• opc.three (11/26/2012)


    You make a lot of good points which is not surprising. I do not agree with many of them but as you correctly stated that's a reserved right of mine, and naturally that's a two way street. I maintain that synonyms and views can be useful tools in abstracting a schema from data consumers. They're just tools though, with properties that may or may not fit specific needs so choose them if they prove to be useful or leave them on the sidelines if they are not. There aren't security concerns with either (that I know of, still leaving that item open if you care to comment) so for me it's strictly a decision about whether their functionality is a good fit for a given requirement.

    Absolutely. They are tremendously useful in environments that you inherit that weren't set up with a proper DAL in the first place. At least they allow SOME positive refactoring without breaking legacy code that was designed for direct table access.

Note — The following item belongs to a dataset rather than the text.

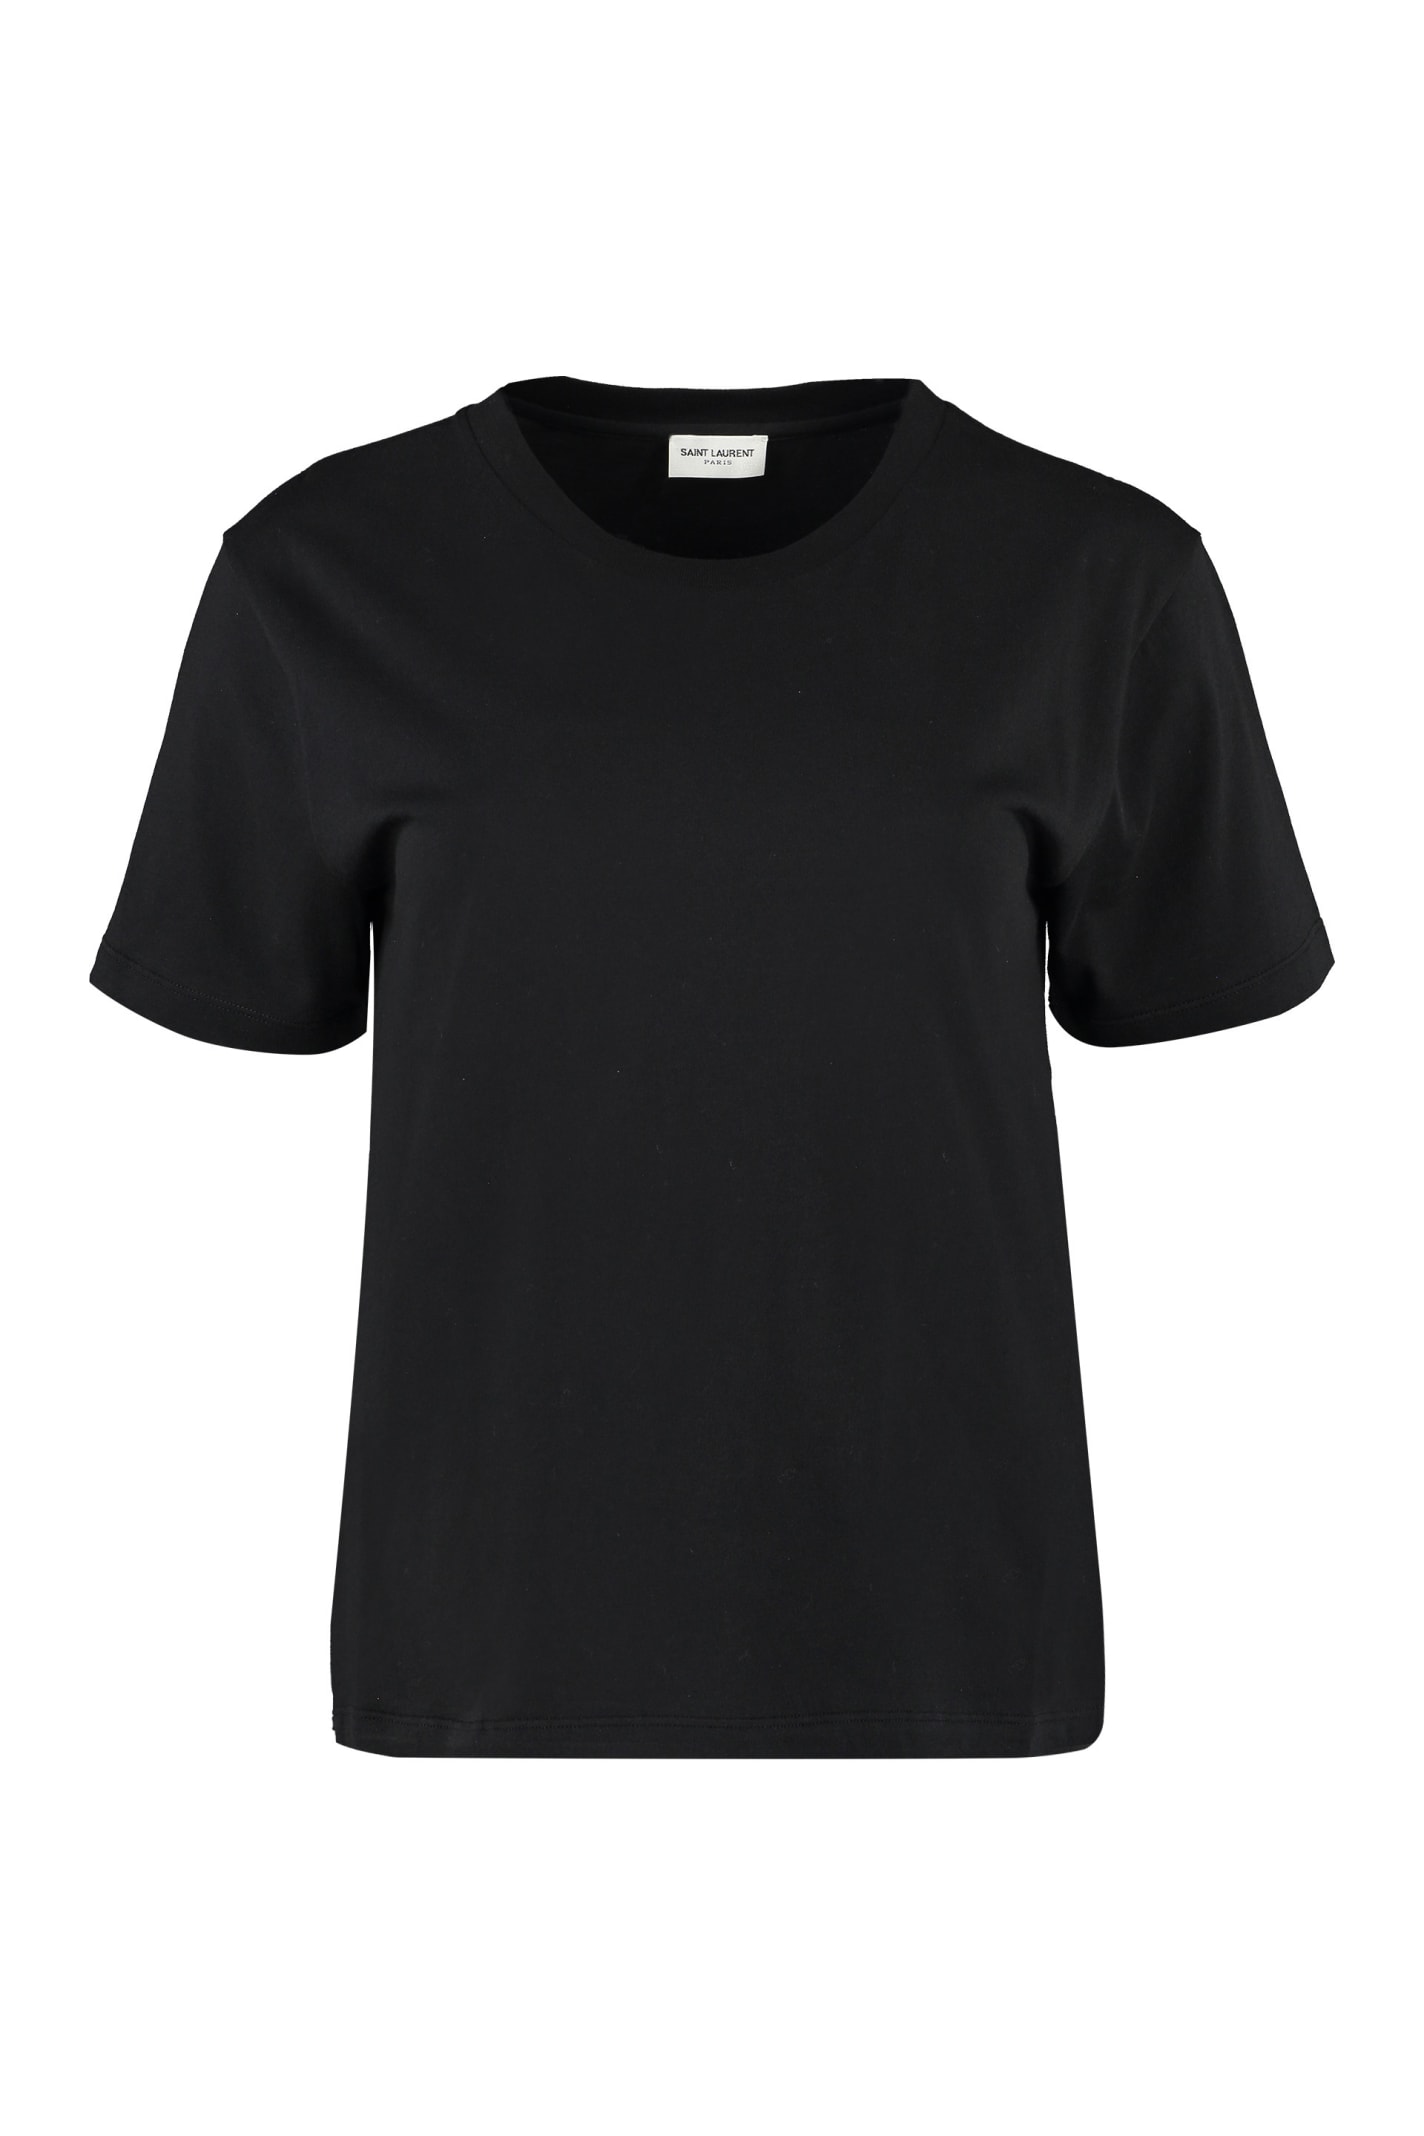 Saint Laurent Cotton Crew-neck T-shirt
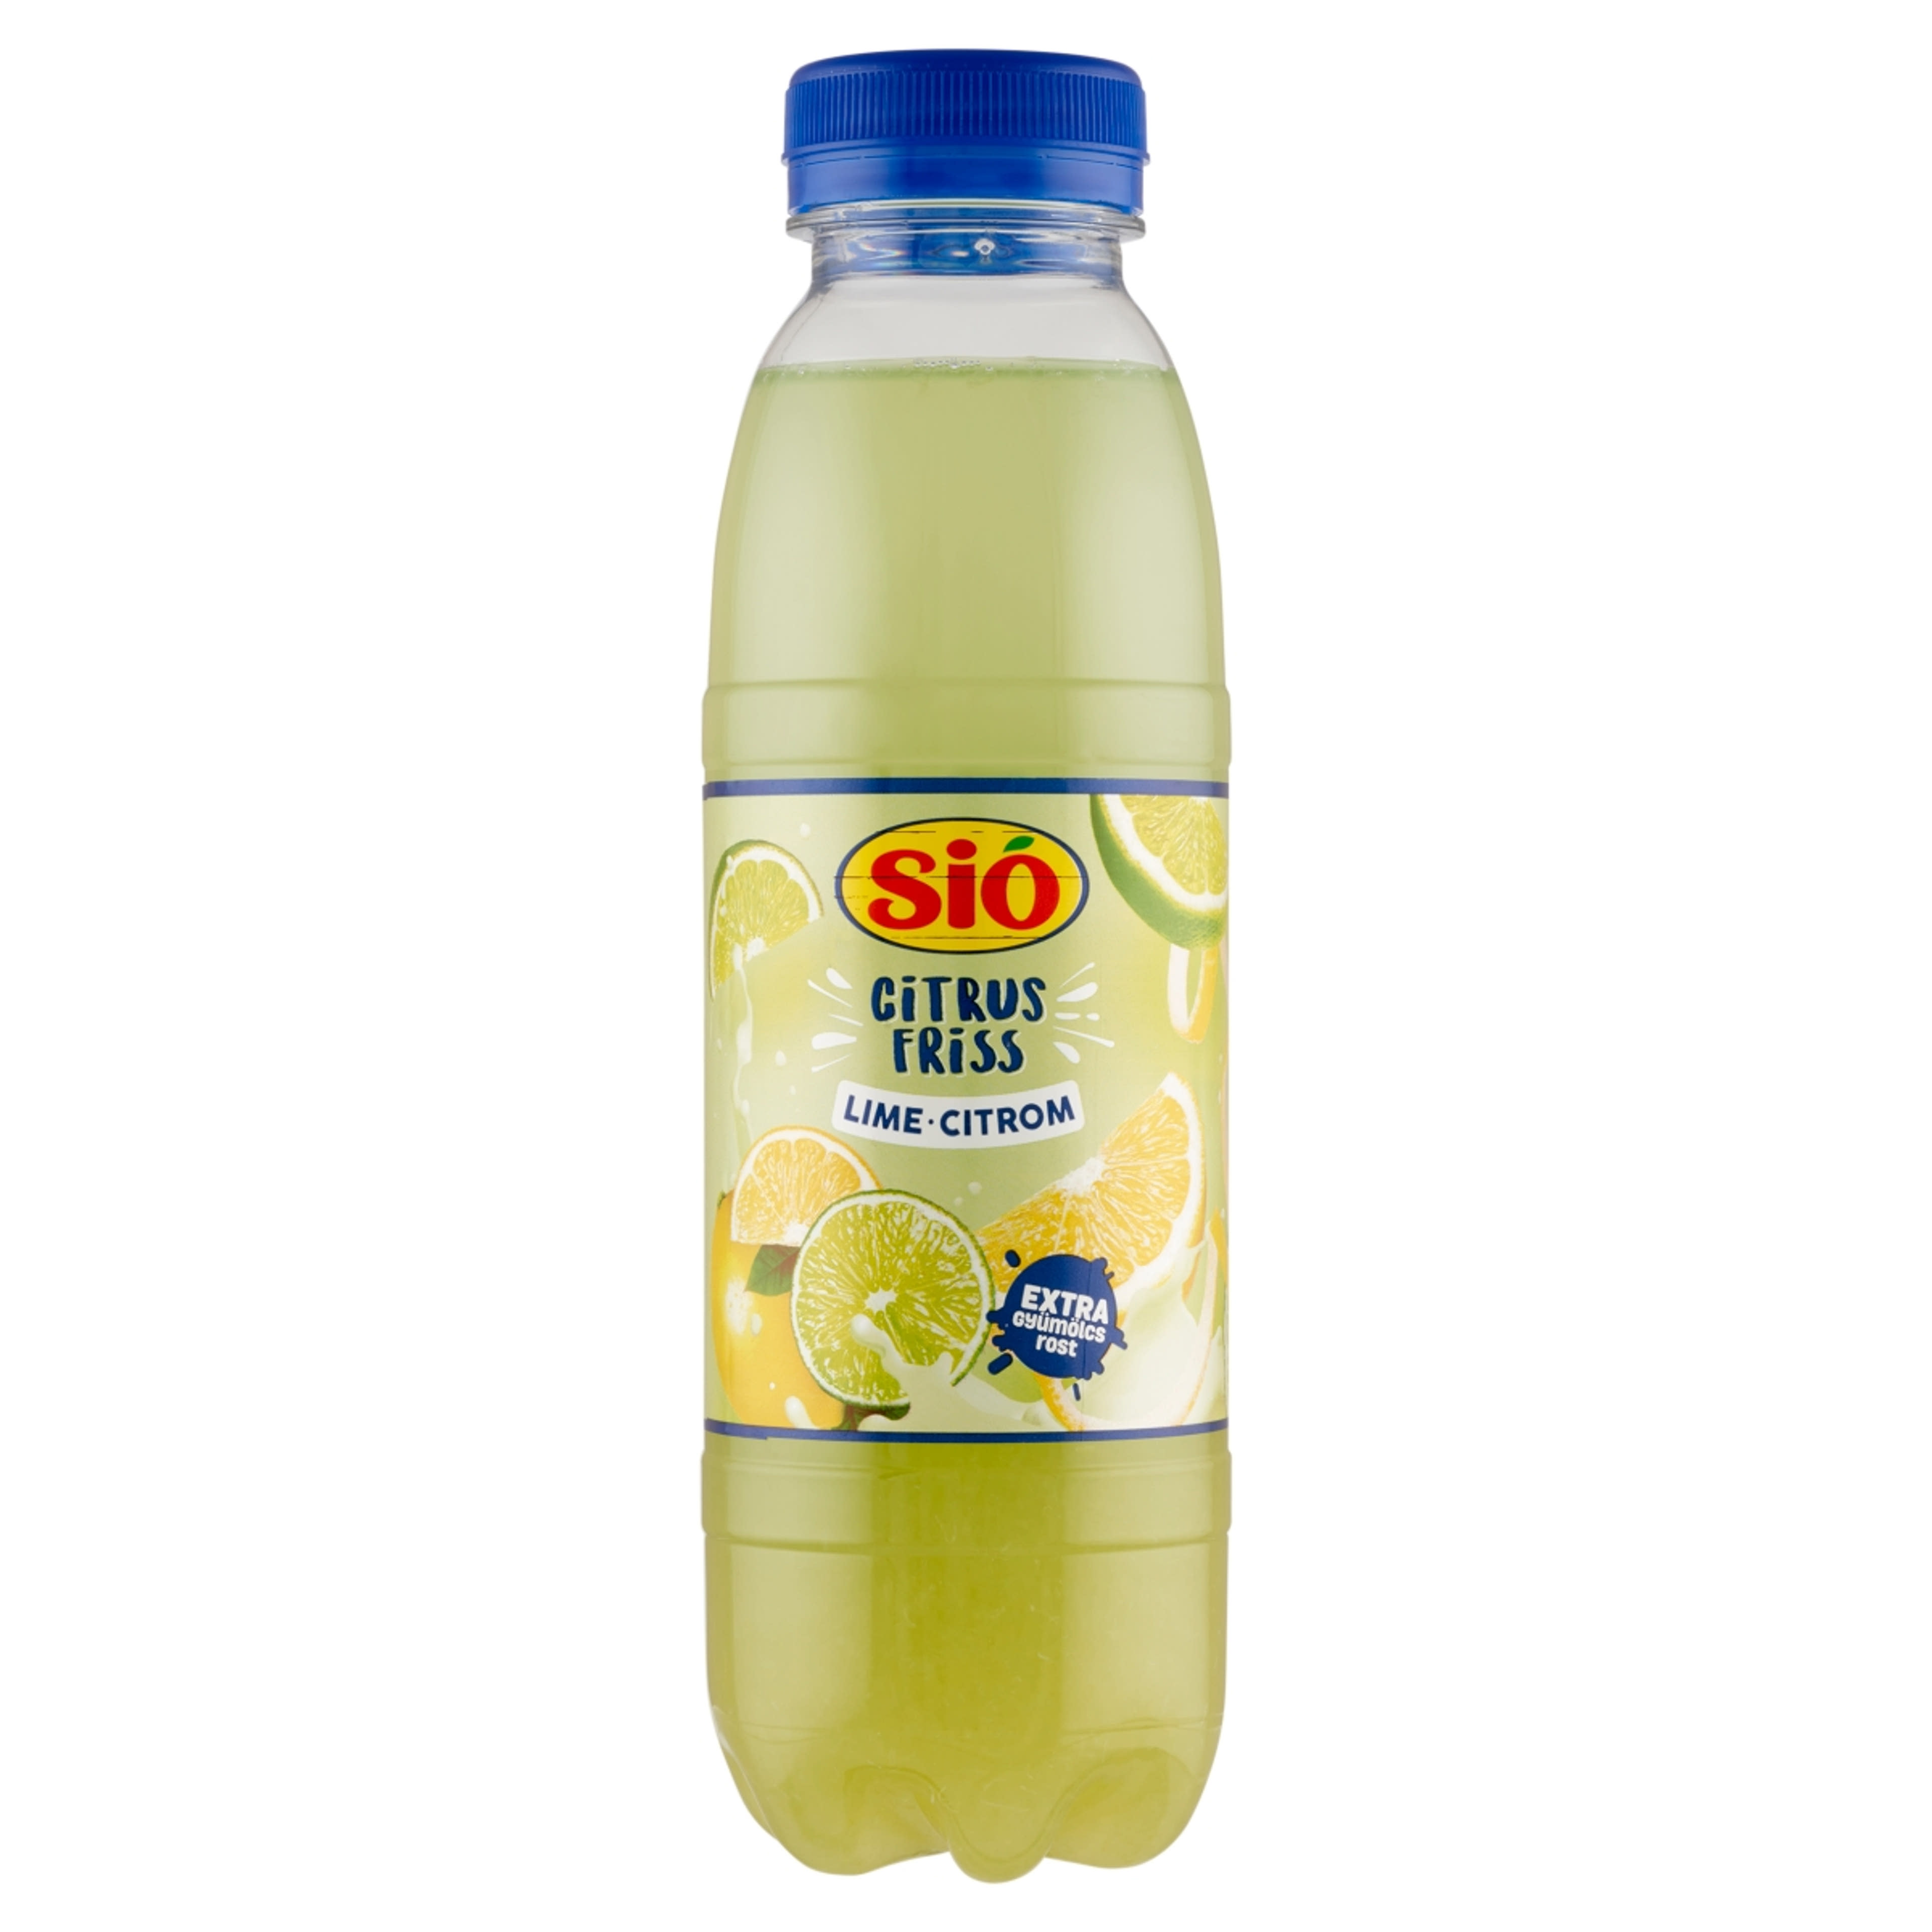 Sió Citrus Friss lime-citrom ital gyümölcshússal - 400 ml

    Personally I prefer to drive all data consumers towards using stored procedures for all data access however I am not always successful. Sometimes for political reasons and sometimes for technical reasons. I have dealt with some customers where it simply was not possible, e.g. dealing with an ancient IVR system that was only capable of issuing ad hoc SQL via ODBC. Meanwhile a set of procs does not necessarily constitute a proper DAL for me. There are some things the data tier should not be asked to do that better belong in application code, e.g. certain applications of sorting, string concatenation, pagination, formatting, etc.

    We agree completely on this. Sometimes you get to design a system from the ground up and end up with exactly what you need. Most of the time, you don't.

    Regarding the non-technical aspect of this thread, you lost me in your initial post which included (in my opinion) several disparaging implications making use of the word 'ignorant' multiple times.

    Appologies for that. Wasn't meaning to say you are ignorant. No insult intended, sorry if it was implied.